One thing that might end up being a saving grace for Kelly is that Jackie Cahill (FF) also looks really vulnerable. He only held his seat in 2020 by less than 1,500 votes (although a crackpot three-candidate strategy certainly contributed to this) and finished behind Kelly. FF’s numbers are looking sufficiently weak that even if Cahill is the only candidate for his party, it’s now far from clear that he would beat Kelly. Keep an eye on this one because current trends indicate it could change again soon.

January 2021

Tipperary is in many ways not dissimilar to Kerry when it comes to how the model perceives Independent candidates. With a polling crunch on their numbers, suddenly Mattie McGrath looks not just vulnerable, but on track to lose a seat he’s held since 2007. Before anyone gets their hopes up, however, there are a number of things that need to be considered that may be misleading the model on this one.

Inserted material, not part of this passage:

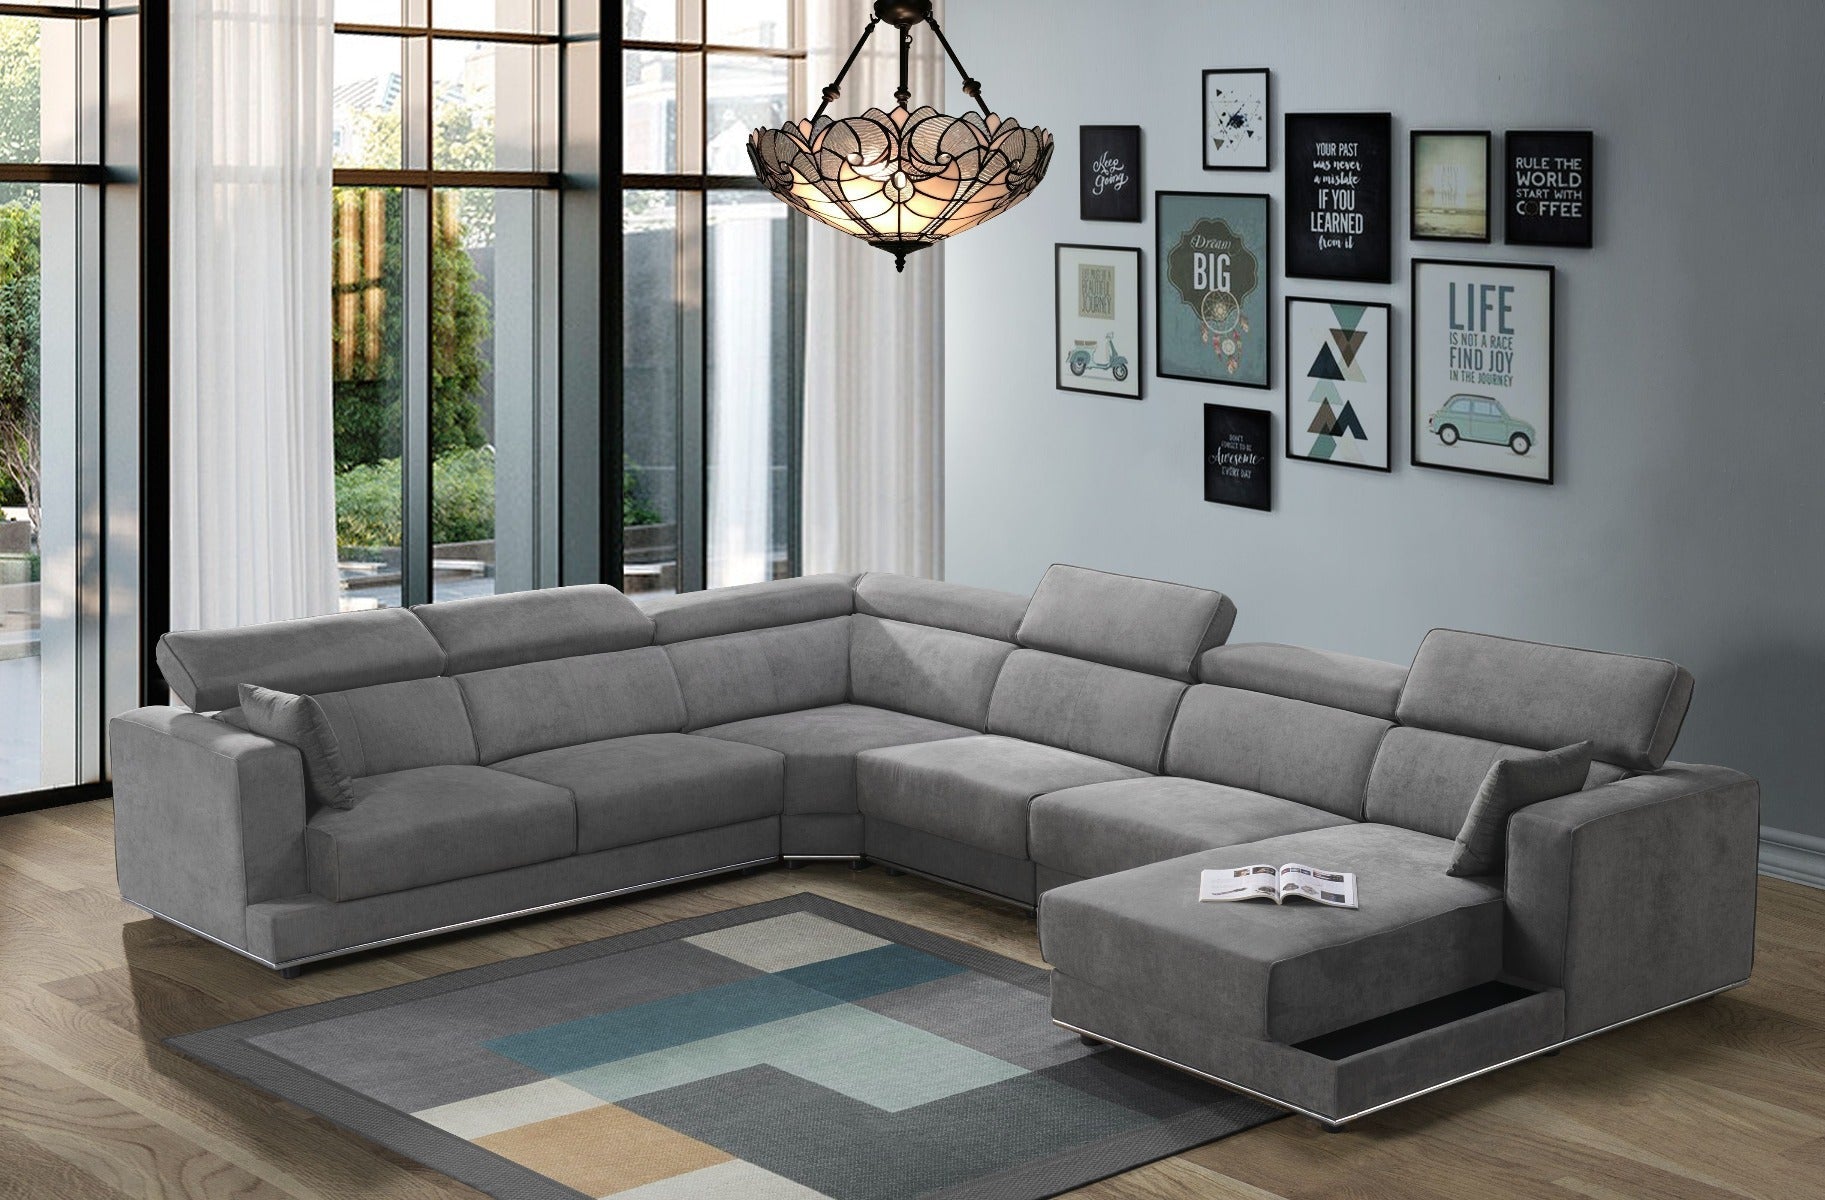 Alwin Modular Sofa Sectional - East Shore Modern Home Furnishings

But before we get into that, let’s briefly discuss the other four incumbents in this heavily locally-divided constituency. Sinn Féin’s numbers in Munster are ridiculously high, so Martin Browne should have no issue being returned. Local criminal Michael Lowry will still dominate in the north of the county and should also keep his seat with relative ease. The next two – FF’s Jackie Cahill and Labour’s Alan Kelly – are less secure, but the model shows that Fine Gael will leapfrog both.

This means that the final seat will be between those two and McGrath. Currently the model sees the Independent falling behind both, but there’s something worth noting from 2020 that two other Independents got big chunks of votes in 2020.

On the other hand, one of them was ideologically the opposite of McGrath, and the other was geographically the opposite. Still, if neither run again that will mean thousands of extra votes floating around, and if McGrath can pull in enough of those, he’ll have a chance. But I wouldn’t count on it, and based on the model, I must consider McGrath to be one of the most vulnerable high-profile Independents out there.